Half the country is experiencing spikes in COVID-19 infections after reopening earlier than any scientist would recommend. We’re not on the precipice of a second wave because we never hit a valley after the first wave. If you don’t live in NYC/the Northeast, Seattle, or California, your area saw a steep increase in coronavirus infections followed by a slower increase, but that’s it. There was no downward trend in the United States at all, and the only reason the US graphs show any semblance of a decrease is because half of the initial infections were in NYC and NYC did a better-than-average job of flattening the curve, so our results brought brought down the rest of the country.

Now we have a President (and his braindead supporters in every comment section all over the internet) saying we should be doing less testing because more tests equal more infections.

So, great news for potential teenage moms everywhere: if we sell fewer pregnancy tests, there will be fewer babies!

As we’ve seen the past four years, nobody in government will stand up to the idiocy of this barely sentient sack of pepperoni juice, so now areas of the country will see even less testing when they desperately need more.

The federal government will stop providing money and support for 13 sites across five states which were originally set up in the first months of the pandemic to speed up testing at the local level.

Local officials and public health experts expressed a mixture of frustration, resignation, and horror at the decision to let federal support lapse.

Texas will be particularly hard hit by the decision. The federal government gives much-needed testing kits and laboratory access to seven testing sites around Texas.

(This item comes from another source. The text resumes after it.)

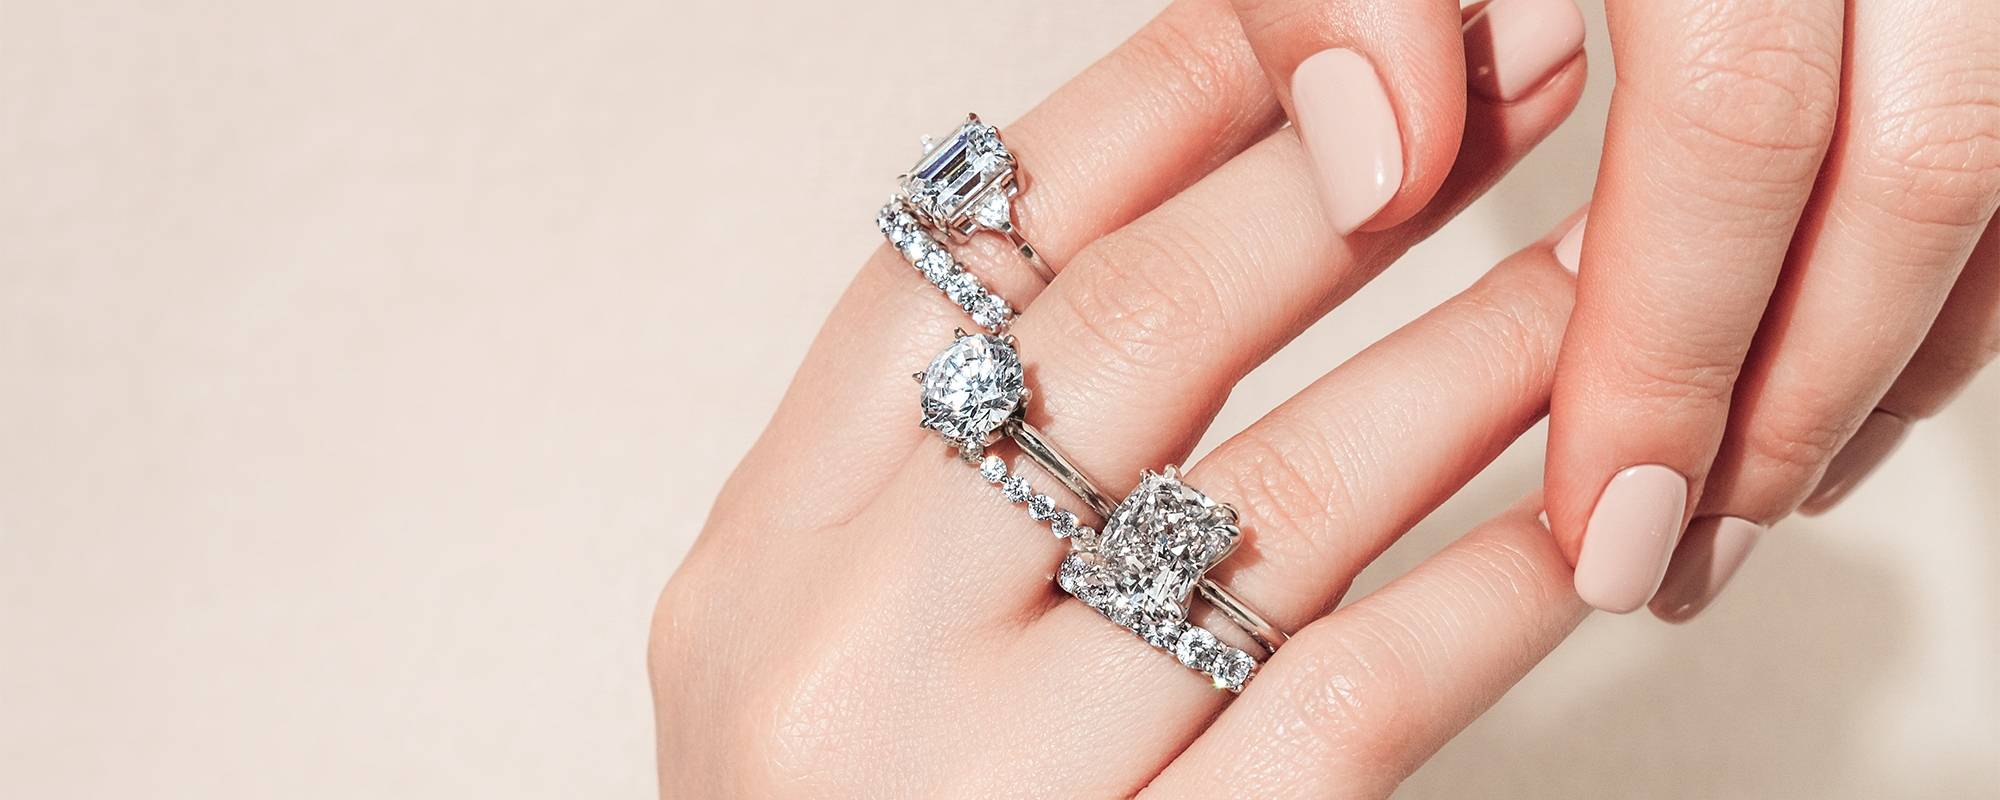 2023 Engagement Ring Predictions (According To Experts)

But in the state, which is seeing new peaks in cases, people still face long lines for testing that continues to fail to meet overwhelming demand.

(cont. TPM)

I was talking about “social bubbles” on Facebook with some of my friends earlier this morning, and I hadn’t realized how parts of the country are in such different places with regard to testing. She lives in Northern Michigan. I live in NYC. My social bubble probably has about 10 people in it, because both of my roommates have partners and we have a few other people we hang out with. I feel safe with that, because testing is so readily available here. It’s free, the lines are short (if there’s any line at all), and the NYC website encourages everyone to get tested, and to get re-tested if you think you might have been exposed:

corona

And there are testing sites everywhere. Everybody is in walking or biking distance to a site (and the subway is empty and clean, which means the train is perfectly safe), so we get tested a few days before hanging out or a few days after a protest, and it’s peace of mind to go along with our usual social distancing protocol.

That’s a far cry from the situation in Michigan.

corona2

There should be a federal program for widespread, free, and fast coronavirus testing. We should all be able to drive up to a window, have someone collect a sample, and get a text later that day that says positive or negative. When someone has a positive test result, we should be able to trace the origin of that infection, and we should be able to isolate that person away from the public. We should have access to all of this without insurance.

Instead, we have a President who thinks the numbers make him look bad so he wants less people to get tested.

Wear your masks. Wash your hands. We have a long road ahead of us.